Saturday, July 03, 2004

Changing our viewing habits

This commentary from the Motley Fool is trying to figure out who these crazy Netflix subscribers are:

We've seen them all:
"that 80% of Blockbuster's rentals come from its top 30 titles is not at all surprising when you consider that about 80% of the store is dedicated to new releases."

We couldn't afford to, before:
"according to company surveys, more than three of 10 subscribers watched fewer than three movies per month before signing up. As Netflix subscribers, they watch significantly more -- on the order of six to seven per month."

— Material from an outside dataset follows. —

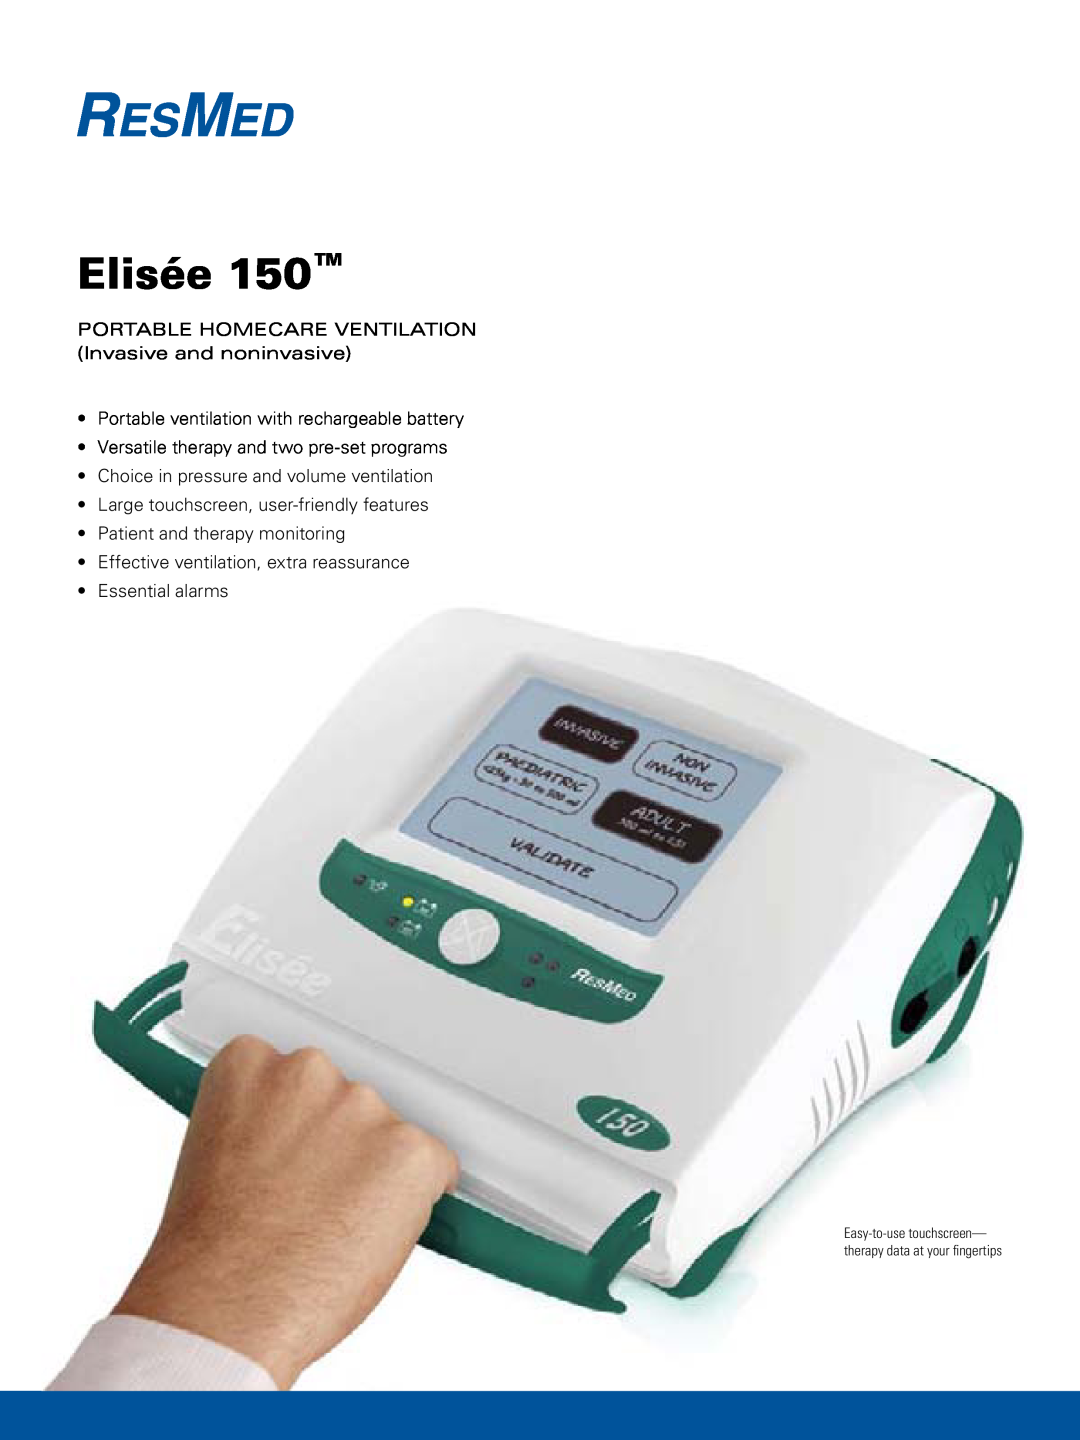 ResMed 150 manual Elisée, Portable ventilation with rechargeable battery, Versatile therapy and two pre-setprograms 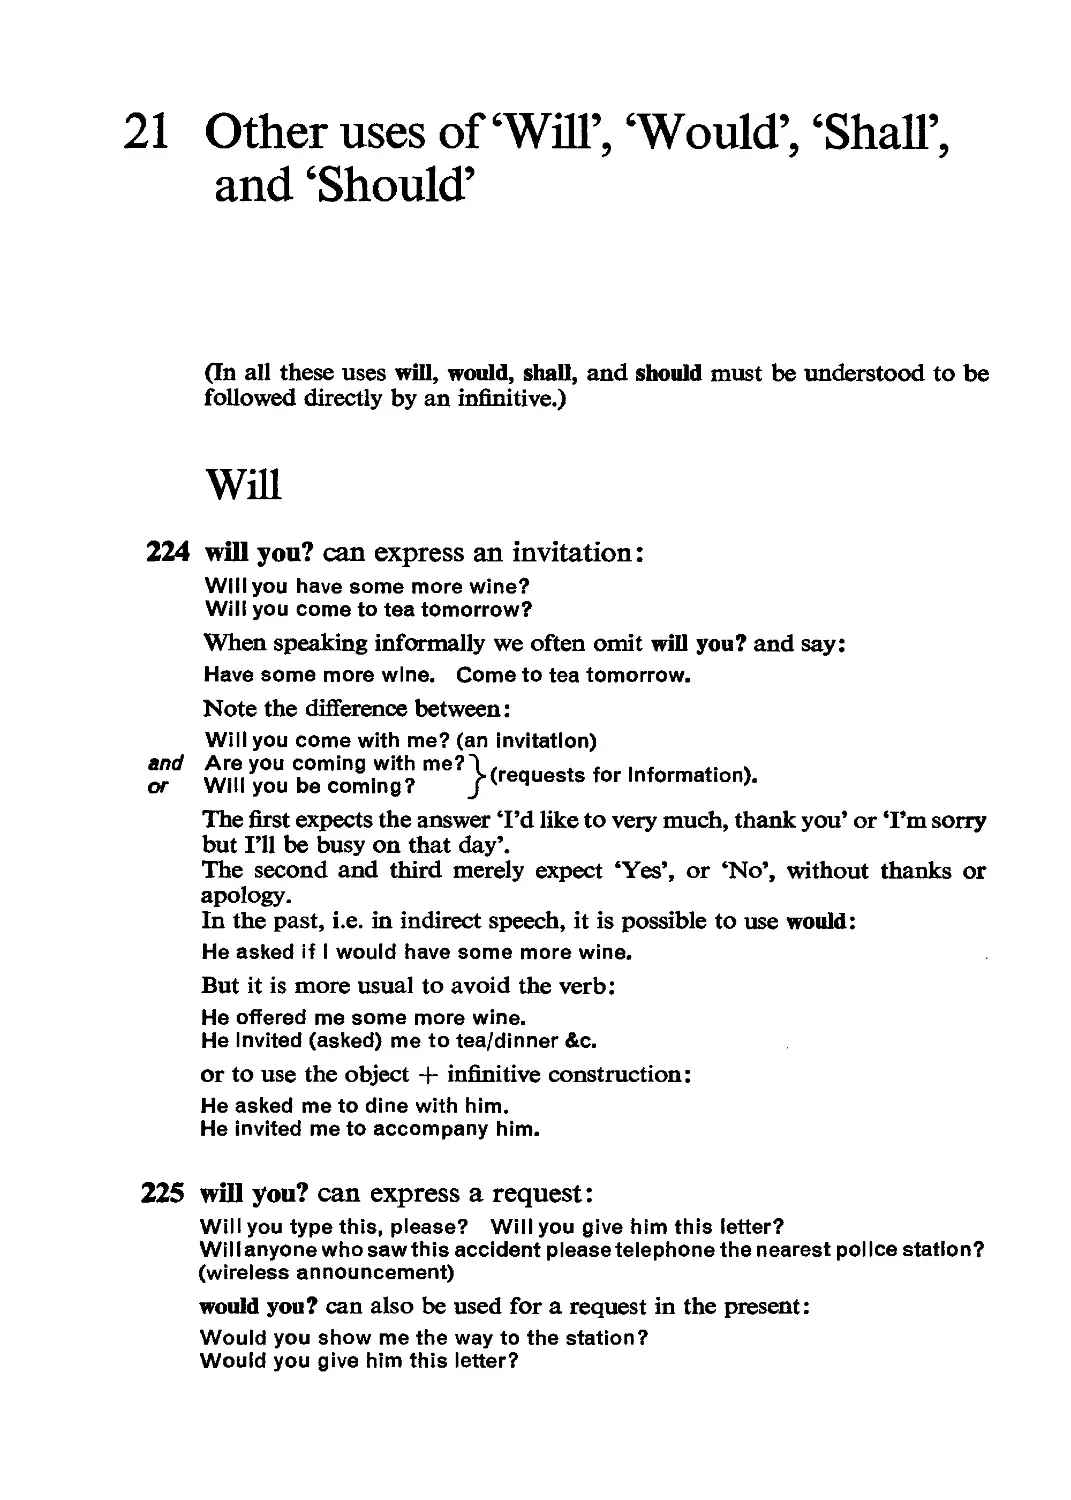 Other uses of 'will', 'would', 'shall', and 'should

We would have seen them, if we could have found them:
"Netflix derives the majority of its business from older titles. A full 99% of its titles are rented in any given year. That means Netflix subscribers watch roughly 19,800 of the 20,000 titles that Netflix keeps in stock. The popularity of older titles among Netflix subscribers often matches or exceeds that of newer titles."

We're not just movie buffs. We're normal:
"More than half of all subscribers are more than 34 years old and earn less than $75,000 per year. More than 40% do not have a college degree. In other words, Netflix subscribers are mainstream."

Niche I Am

I will not rent them from a store:
I want to get them at my door.
I have broadband. I have a Mac--
But movie downloads I can't hack.
For legal films I want to pay,
Bring them here the Netflix way.
Miramax, Warner, Disney, others
If you want my renting dollars
Listen to the Netflix fan,
This is me, I'm Niche I am.

Thursday, July 01, 2004

Do you have Netflixia?

Netflixia is the affliction which causes you to rent a movie that someone recommends to you, or because it's a great "classic", but then you hold onto the movie forever without watching it, feeling guilty the whole time. If the guilt becomes too great, you cancel your subscription. You are a Netflictim.